Verify commutativity of addition of rational numbers pairs of rational numbers -3/5 and -2/-15

By using the commutativity law, the addition of rational numbers is commutative.

\(\dfrac{ a}{b} + \dfrac{c}{d} = \dfrac{c}{d }+ \dfrac{a}{b}\)

In order to verify the above property let us consider the given fraction

\(\dfrac{ -3}{5} and \dfrac{-2}{-15}\) as

\( \dfrac{ -3}{5} + \dfrac{-2}{-15}\) and \( \dfrac{-2}{-15}+ \dfrac{ -3}{5} \)

\( \dfrac{-2}{-15} = \dfrac{2}{15}\)

The denominators are 5 and 15

By taking LCM for 5 and 15 is 15

We rewrite the given fraction in order to get the same denominator

Now, \(\dfrac{ -3}{5} = \dfrac{(-3 × 3) }{ (5×3) }= \dfrac{-9}{15}\)
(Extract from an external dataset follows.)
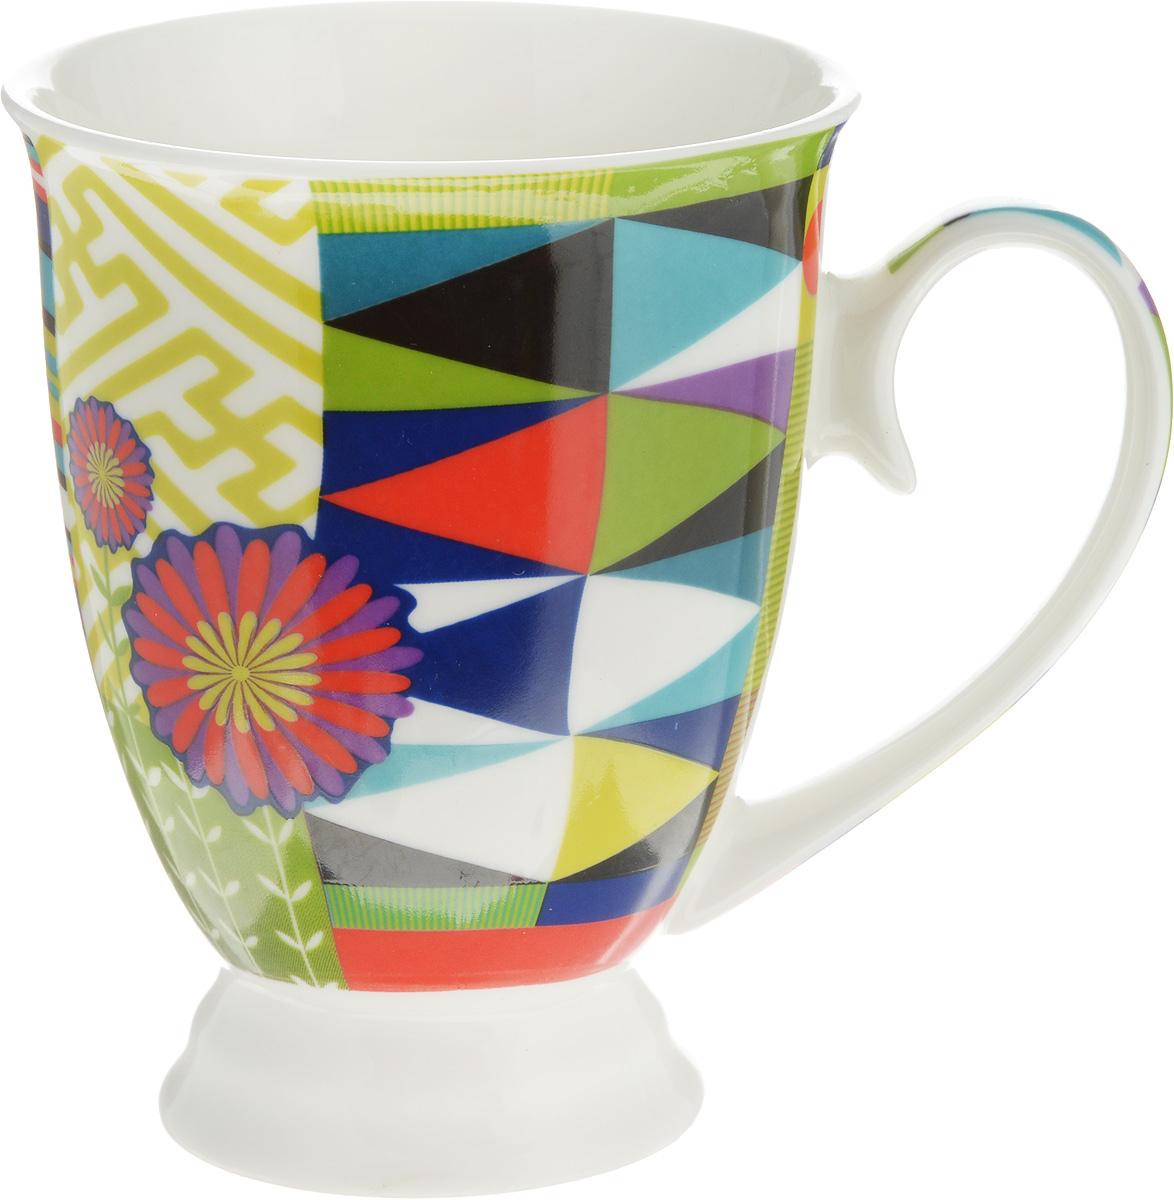 Кружка Lillo Цветочно-ягодный микс, цвет: бирюзовый, зеленый, красный, 250 мл12486_бирюзовый, зеленый, красныйКружка Lillo Цветочно-ягодный микс выполнена из высококачественной керамики с глазурованным покрытием. С внешней стороны изделие декорировано красочным рисунком. Такая кружка станет приятным подарком и согреет вас холодными вечерами. Диаметр (по верхнему краю): 8 см.Высота кружки: 10,5 см.

\(\dfrac{2}{15} =\dfrac{ (2 ×1) }{ (15 ×1)} = \dfrac{2}{15}\)

Since the denominators are same we can add them directly

\( \dfrac{-9}{15}+\dfrac{2}{15}=\dfrac{ (-9 + 2)}{15} =\dfrac{ -7}{15}\) 

\( \dfrac{-2}{-15}+ \dfrac{ -3}{5} \)

The denominators are 15 and 5

By taking LCM for 15 and 5 is 15

We rewrite the given fraction in order to get the same denominator

Now, \(\dfrac{2}{15}= \dfrac{(2 ×1) }{ (15 ×1)} = \dfrac{2}{15}\)

\(\dfrac{ -3}{5} =\dfrac{ (-3 × 3) }{ (5×3) }= \dfrac{-9}{15}\)

Since the denominators are same we can add them directly

\( \dfrac{2}{15}+ \dfrac{-9}{15} = \dfrac{(2 + (-9))}{15 }=\dfrac{ (2-9)}{15} = \dfrac{-7}{15}\)

\(\dfrac{-3}{5 } + \dfrac{-2}{-15 } = \dfrac{-2}{-15 } + \dfrac{-3}{5 }\) is satisfied.